EL CAIRO. Faltan pocas horas para que la Junta Electoral haga público el nombre del próximo presidente de Egipto. Hace una semana que votaron los ciudadanos de este país y cada día que ha pasado desde entonces ha servido para que los rumores y la desinformación eclipsen la realidad. El único dato fiable disponible es el arrojado por el recuento certificado por los jueces, pero calificado de no oficial, que da la victoria al islamista Mohamed Morsi con el 52 por ciento de los votos. Todo lo que sea salirse de este guión es teoría conspirativa, que por cierto es la que rige Egipto desde hace 17 meses.

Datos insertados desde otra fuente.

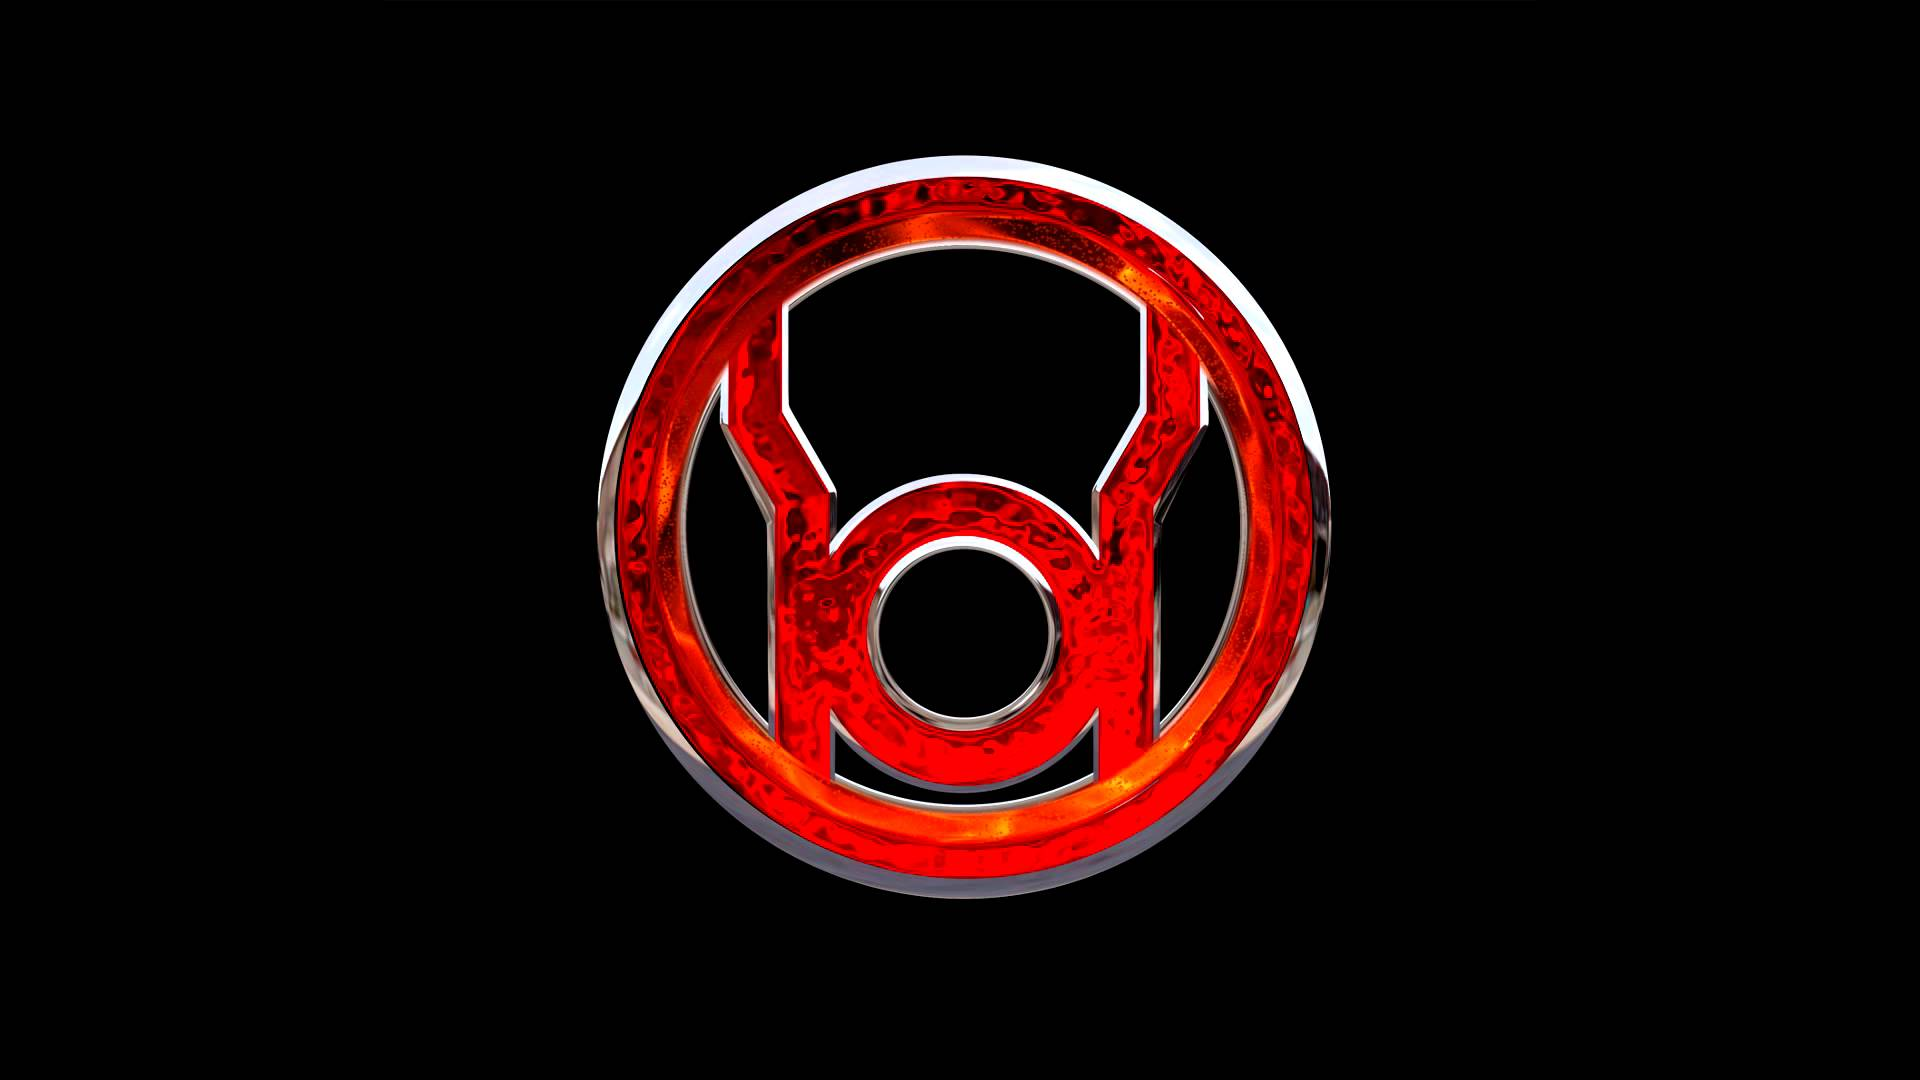 Red Lantern Oaths Maxresdefaultjpg 1920x1080

Las primaveras árabes echaron por tierra el prestigio de analistas y expertos y las post revoluciones están haciendo lo mismo. Ahora los gurús se limitan a ponerse en uno de los dos bandos y repetir los mismos argumentos. Tenemos al grupo de los que hablan de “revoluciones robadas por el islamismo”, el más numeroso, que critican la falta de libertades para los laicos y liberales en caso de permitir gobernar a las fuerzas religiosas. Para ellos son más importantes la cerveza y los bikinis, dos de los grandes logros del laicismo según se desprende de cada tertulia en la que se echa en cara a los Hermanos Musulmanes que se van a cargar estos dos avances de la humanidad, que el resultado de las urnas. No mencionan los miles de años de cárcel que se chuparon los presos políticos islamistas (hombres y mujeres) sin juicios de ningún tipo.

El segundo grupo, mucho menor, es el que acepta  la superioridad de las fuerzas islamistas sobre el terreno, más allá de los centros urbanos y de la élite que normalmente tiene contacto con occidentales. Se han rendido a la evidencia de que estos pueblos quieren cambio y “el Islam es la solución”, como proclamó el fundador de la hermandad, Hasan Al Banna, hace ocho décadas. Miran a las urnas para justificar su razonamiento y piden una oportunidad para los Hermanos Musulmanes, un grupo tan conocido como secreto. Para ellos no vale el refrán de «más vale lo malo conocido…»

Lo que queda en entredicho en estos países es el propio sistema de elección. Cuando un voto se puede comprar por unas libras, cuando las instituciones siguen encabezadas por caciques del antiguo régimen dispuestos a cualquier cosa por mantener sus privilegios, cuando el analfabetismo golpea a las urnas como cuando un bebe llora pidiendo el biberón a su madre, cuando los militares se mueven entre bambalinas cambiando constituciones y derribando parlamentos significa que no se dan las condiciones mínimas para pueda salir algo decente de todo esto, y mucho menos estable. Por eso habría que usar otros términos a la hora de referirse a estos procesos, más que una elección parece que estamos ante una selección en la que, independientemente del voto ciudadano, serán los militares los que tengan la última palabra. Podrá salir Morsi, podrá salir Shafiq, pero la revolución sigue presa de los de verde oliva.